Paying Wages: Can CRA Collect Unpaid Remittances from a Related Company?

Employers are responsible for withholding and remitting source deductions on payments to their employees. This straightforward principle becomes tricky to apply when the employer is a complex corporate structure made up of multiple legal entities. Controversy over which entity is liable to deduct and remit source deductions to the CRA may arise when labour is shared among the group and the employer of record struggles while the others prosper. The CRA might seek to shift employer status to one of the other entities or principal of the group and assess it for the unpaid remittances. The following cases illustrate the factors that determine whether such assessments are legitimate.

NO SHIFTING EMPLOYER STATUS

SITUATION

A Newfoundland employer establishes 3 legal entities to house its separate business activities: logging, precision machining and metal working. Initially, the logging company is the employer of record for all employees. When logging company employees cross over and work for one of the other 2 entities, the logging company charges the other entity with the labour cost for the work. In 2002, the logging company runs into financial difficulty and is in arrears in CRA source deduction remittances. As a result, all crossover employees are transferred to the machining or metal working entity and the logging company retains employer status over only the employees who work solely in logging. The logging company still uses the crossover employees but now the billing arrangement is reversed and the logging company is charged by the other entity for the crossover employee’s labour. The CRA treats the machining and metal working companies as the employer and assesses them for the arrears on source deductions for payments to employees prior to 2002. The companies appeal.

DECISION

The Tax Court allows the appeals and squashes the assessments.

EXPLANATION

The CRA Collections Division had conducted a payroll audit of the 3 companies to determine which was responsible for the source deduction arrears from before 2002. But, the court noted, the CRA employees who did the audits didn’t actually look at the employment agreements but relied almost entirely on a short verbal description of each employee’s job duties. As a result, the Tax Court concluded that the payroll audits produced no evidence that the employment arrangements were not as the logging company had reported them before 2002 and how all 3 of the other companies described them after that date. So it found no basis for ruling that the machining and metal working companies were the employers responsible for source deductions on crossover employees prior to 2002.

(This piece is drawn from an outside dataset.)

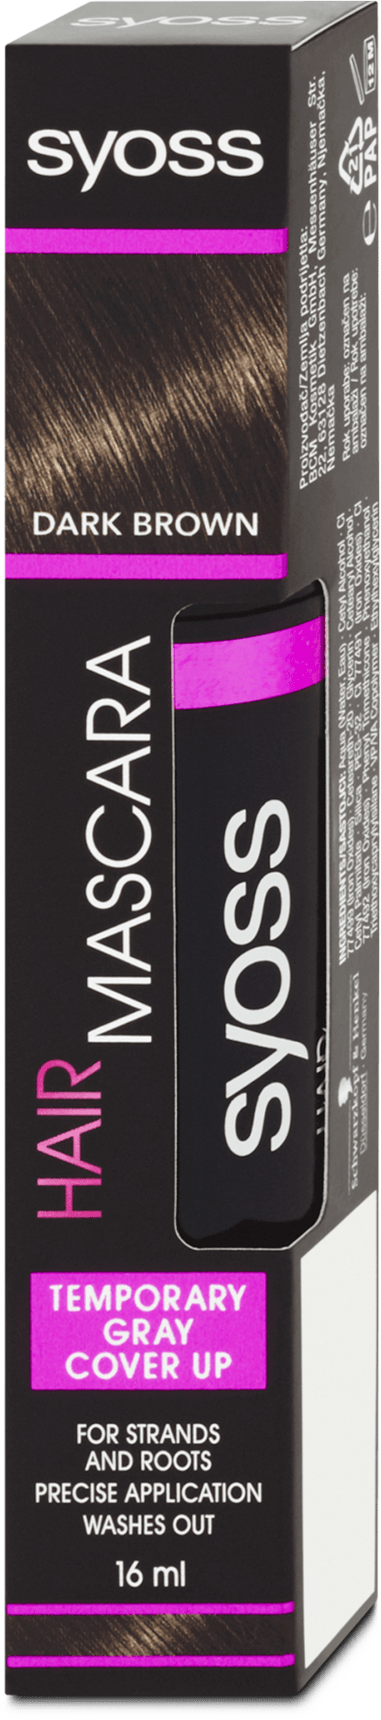 Syoss dark brown hair mascara, 16 ml

Central Springs Ltd. v. Canada, [2010] TCC 543 (CanLII)

 

OK TO SHIFT EMPLOYER STATUS

SITUATION

A man and his wife create a group of high tech corporations made up of 5 related entities. Technology Equity Corporation (TEC) is the parent and sole shareholder of the other 4, each of which carries out separate business activities. One of these 4 other companies, LAN Technologies Inc. (LAN), is designated as the employer for the group. LAN charges the others  for the use of any of its employees. Up to 1986, payroll is made out of a LAN bank account. But in 1987, the group’s bank insists that all cheques be issued in the name of and from the account of the holding company, TEC. In 1988, TEC a payroll audit is conducted and TEC is assessed $82,500 in source deductions. TEC is unable to pay. So CRA assesses the founder in his role as director of the company. The founder appeals.

DECISION

The Tax Court denies the appeal and upholds the assessment against the founder.

EXPLANATION

Despite the founder’s intentions, the Tax Court found that from 1987, payroll cheques had been issued to group employees by TEC, rather than LAN. Although LAN may have been the employer of record, it was TEC that had, in fact, paid their wages. Since the requirement to deduct at source is imposed on the person who actually pays employees their wages, CRA was right to assess TEC for the unpaid source deductions. And as an inside director, the group founder couldn’t escape the liability for TEC’s failure to remit the source deductions owing to the CRA.